Courting Darkness (2 page)

Read Courting Darkness Online

Authors: Melynda Price

Tags: #Romance, #New Age, #Paranormal, #Fiction

“You’re wrong, Olivia. You need me,” Tate called after her. “Otherwise, I wouldn’t be here.”

At this taunting reply, she glanced over her shoulder, making sure he wasn’t following her. With each hurried step, her sandals clapped briskly against the gray tile floor. When the elevator doors slid closed, she caught a glimpse of Tate dragging his hand through his hair, growling what she could only imagine was a very unangel-like curse.

Olivia exhaled a sigh of relief to be away from the nut job and hastened her steps. The moment she was safely locked inside her car, she’d call up to Dr. Shriner’s office and report this Tate, whatever his last name was. Someone definitely needed to adjust that guy’s meds.

Rushing out the glass doors, her poorly anchored sandals slapped against the marble steps with rapid-fire
clap, clap, clap.
She was nearly to the sidewalk, her black Camaro in sight, when the stranger suddenly materialized out of thin air.
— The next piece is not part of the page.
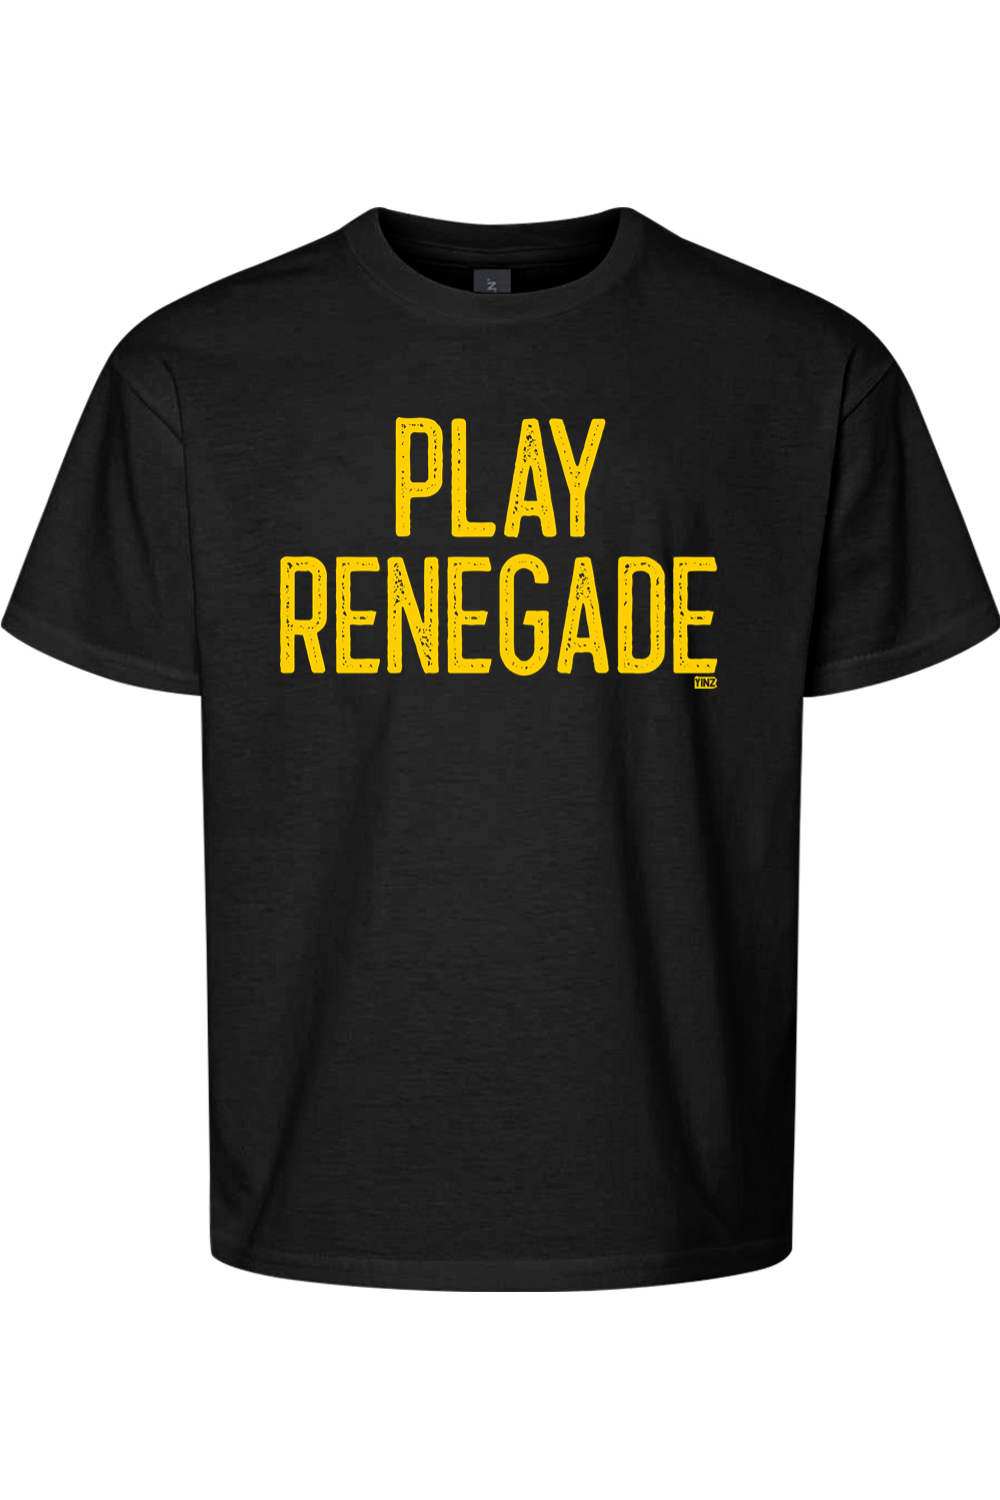 Play Renegade - Kids Tee - Yinzylvania

Olivia let out a startled yelp. Headed right for him, she put on the brakes, but the laws of physics were not in her favor. Momentum pitched her forward, her foot slipping off the step and hitting the one below. White-hot pain exploded in her ankle as it rolled beneath her. Her knee buckled under the duress and she reached for the iron railing, trying to catch herself before face-planting into the now scowling man.
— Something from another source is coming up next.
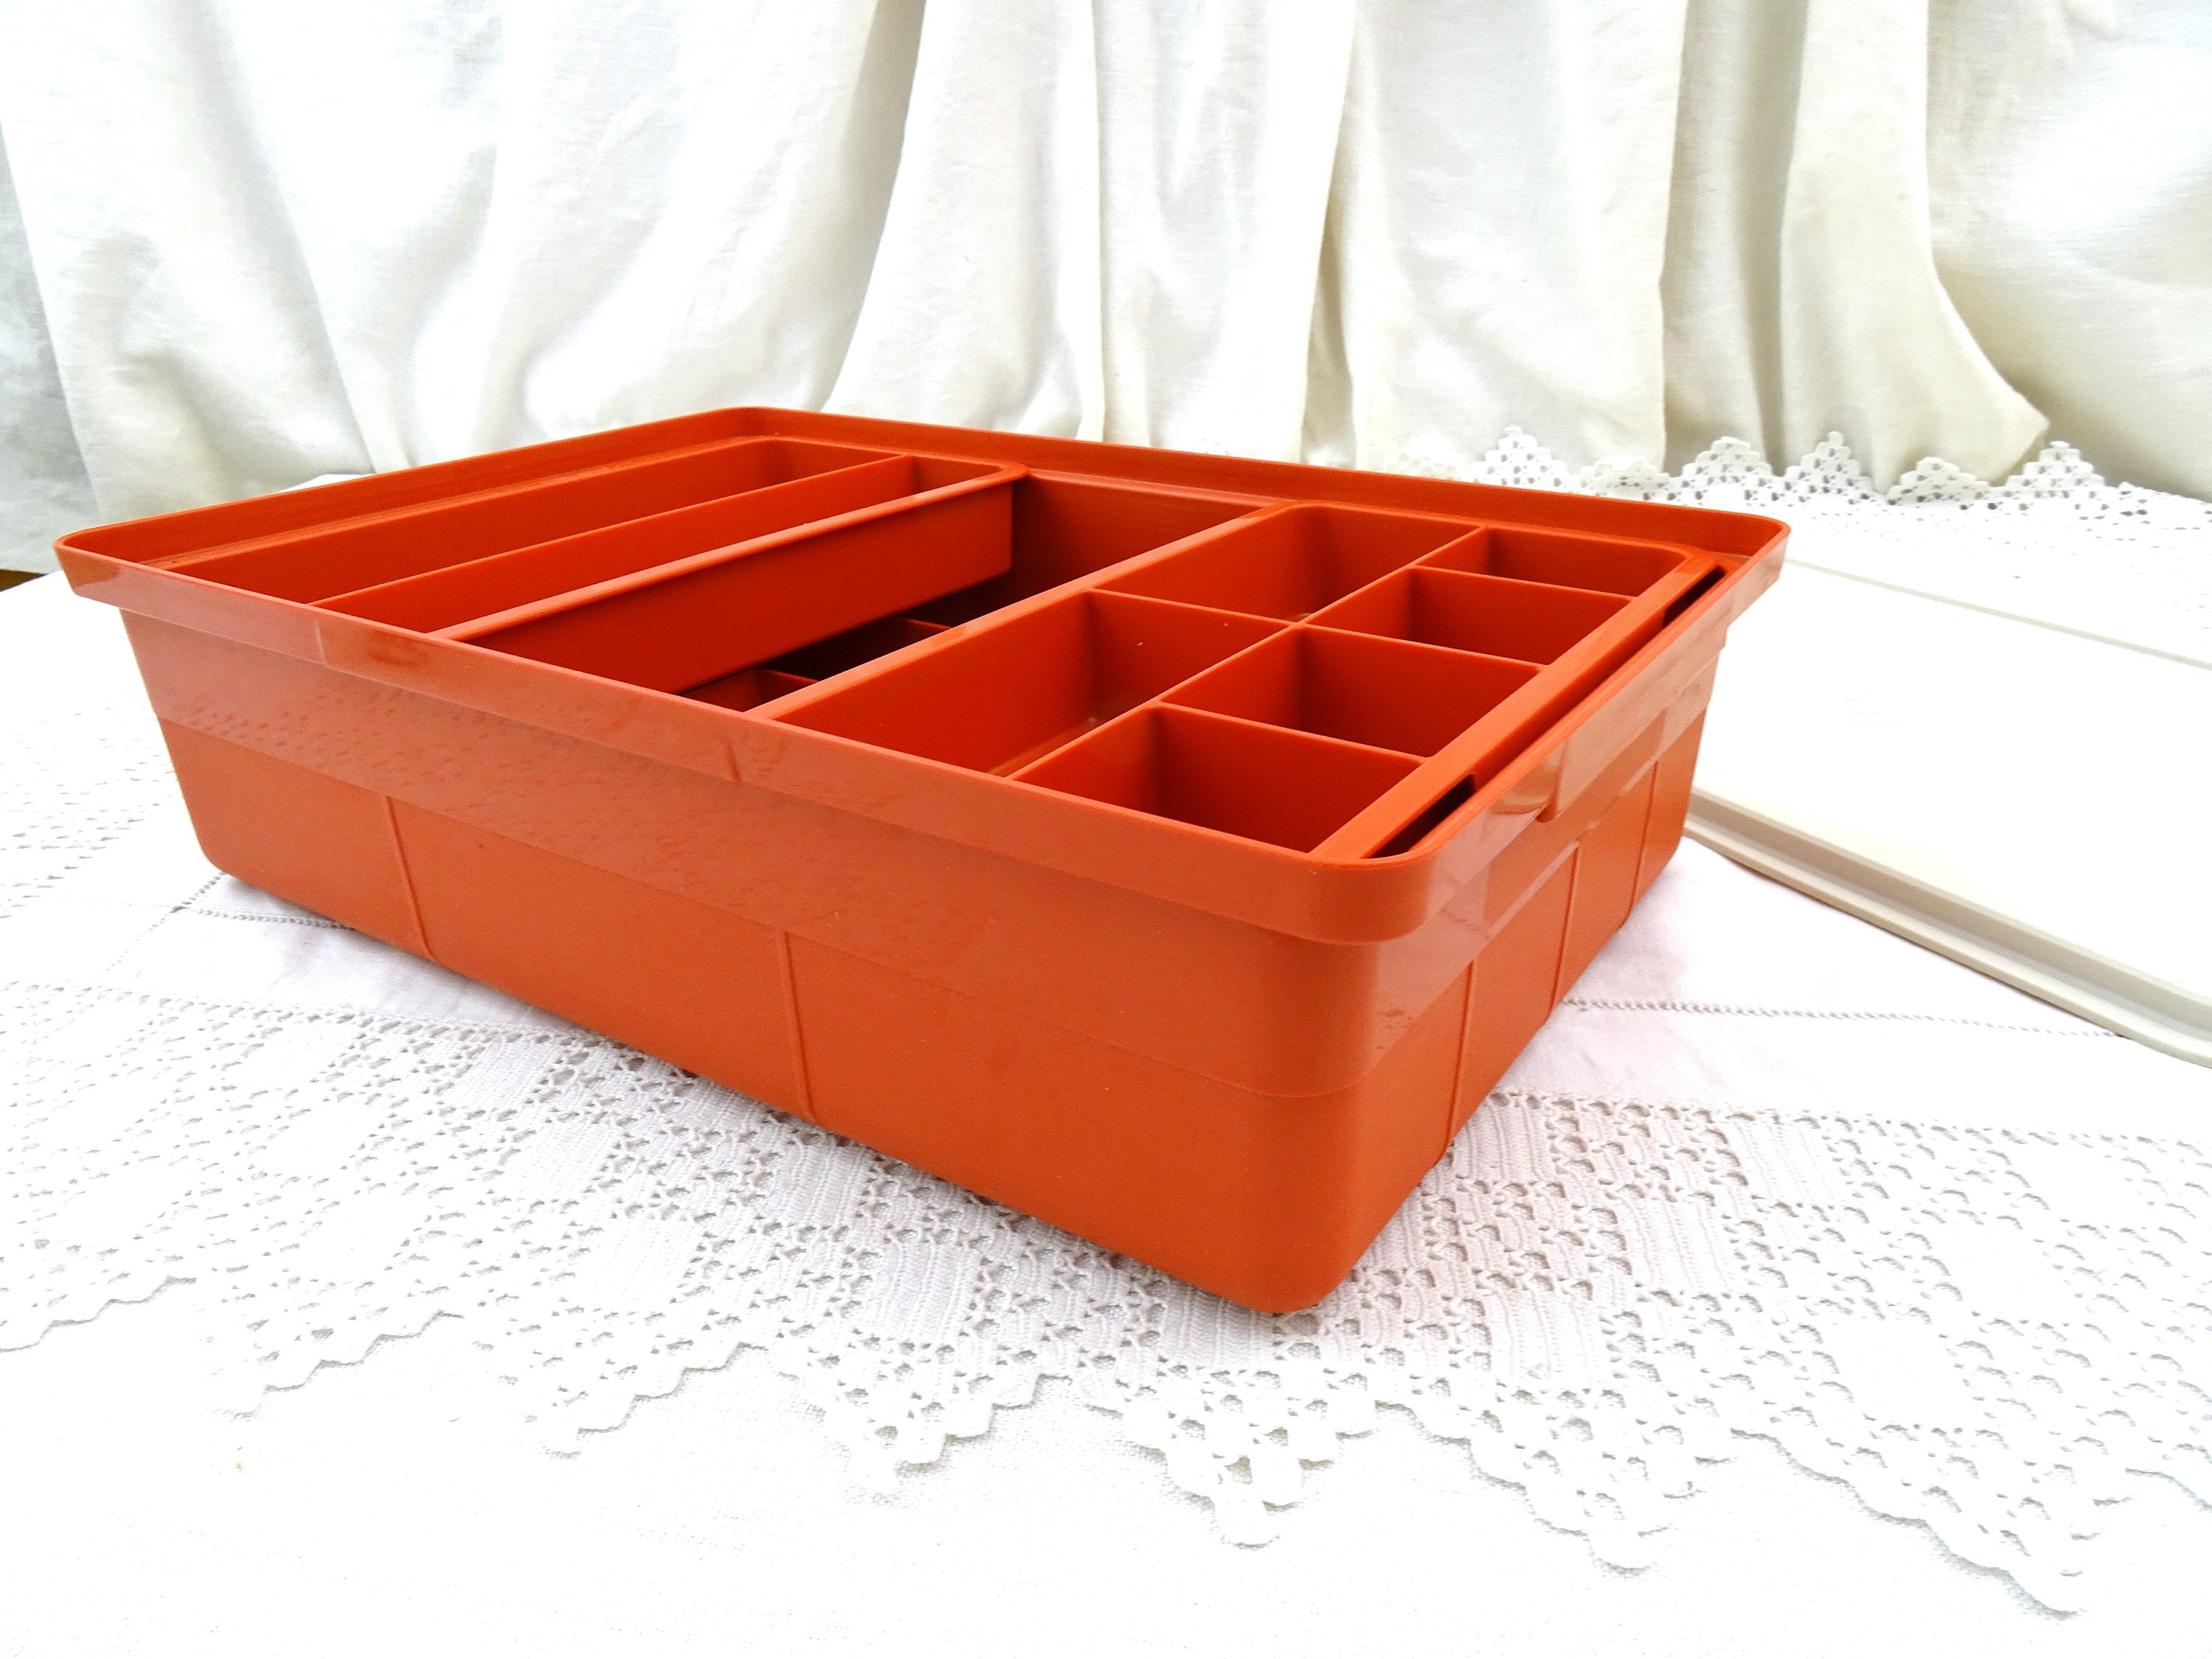 Tupperware Tuppercraft Orange Craft Box Organizer Container #1421 Vintage  W/ Lid

He looked as if he wanted to come to her aid, but wisely stayed back. “Are you all right?” he asked, sounding genuinely concerned.

She wasn’t buyin’ it. He was probably worried she’d scuff her knees and damage his skin suit.
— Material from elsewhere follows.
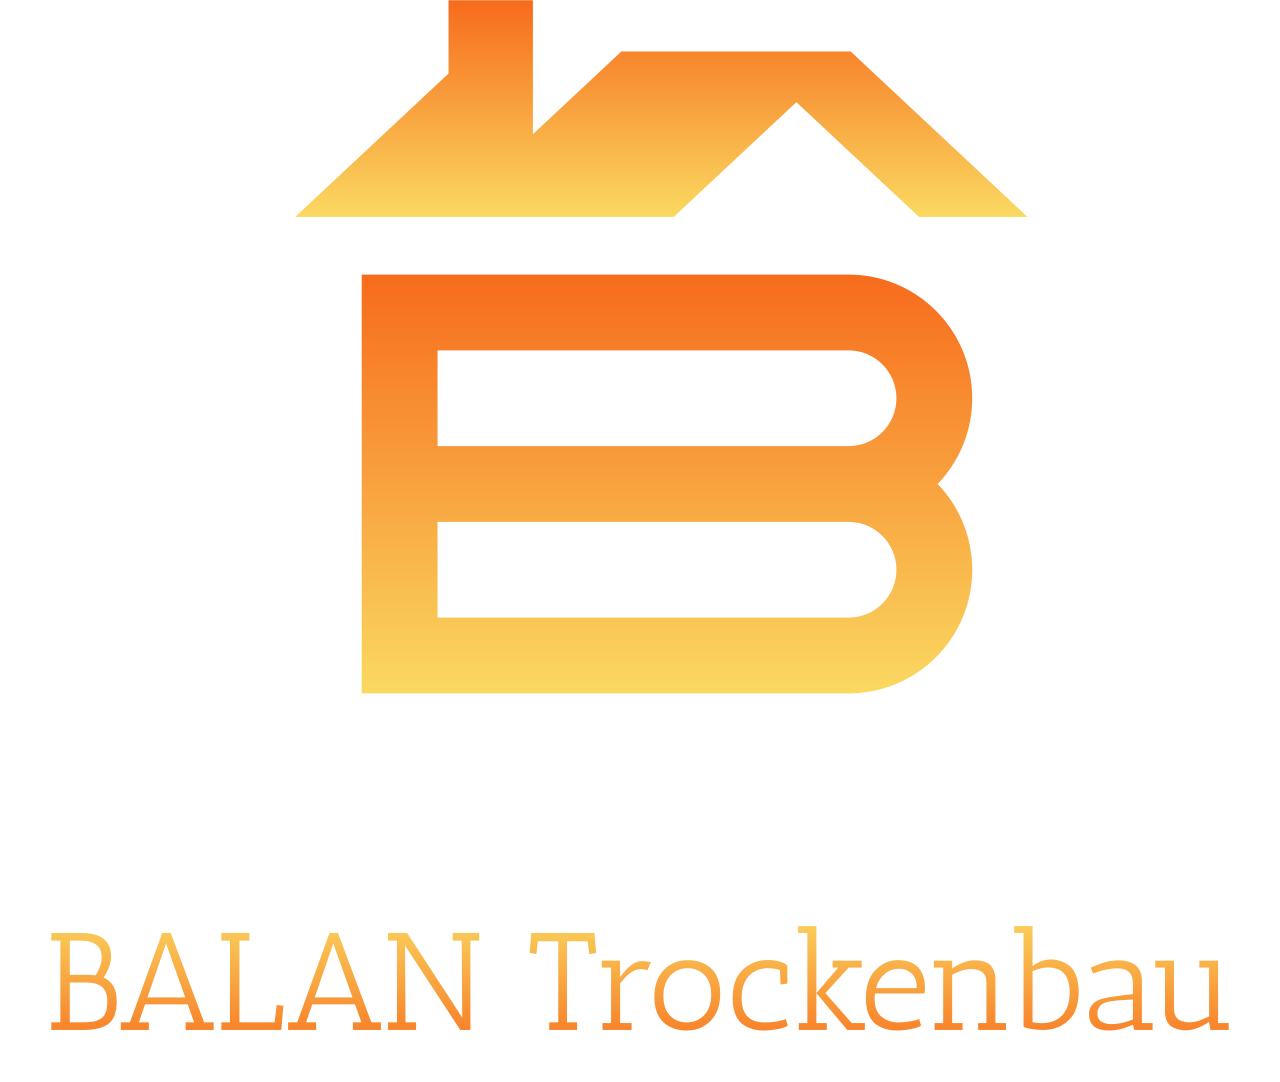 BALAN Trockenbau's logo

“Are you all right, dear?” an elderly woman asked, hobbling over to her. The well-meaning geriatric looked like she needed more help than Olivia did, but she was limited on her choice of saviors, so granny was gonna have to do.

“No. I’m not all right,” Olivia replied, unable to keep the panic from edging into her voice. Lifting an accusing finger, she directed it at the stranger and accused, “This man is harassing me.”

Following the direction of Olivia’s outstretched arm, the old woman’s cataract-grayed eyes squinted to the bottom of the marble steps. After a moment of hard looking, she readjusted her glasses and gave it another try. “Dear, there’s no one there.”

“Oh Lord, I really am crazy,” she murmured.

Grandma laid a sympathetic hand on Olivia’s arm and gave it a patronizing pat.

“You’re not crazy,” the figment of her imagination piped in.

“Let me get someone to help you,” sweet granny offered. “Here, take my cane and sit on the bench.” She gestured to the vacant wrought iron bench on the sidewalk, precisely four feet from Olivia’s very large, very muscular illusion.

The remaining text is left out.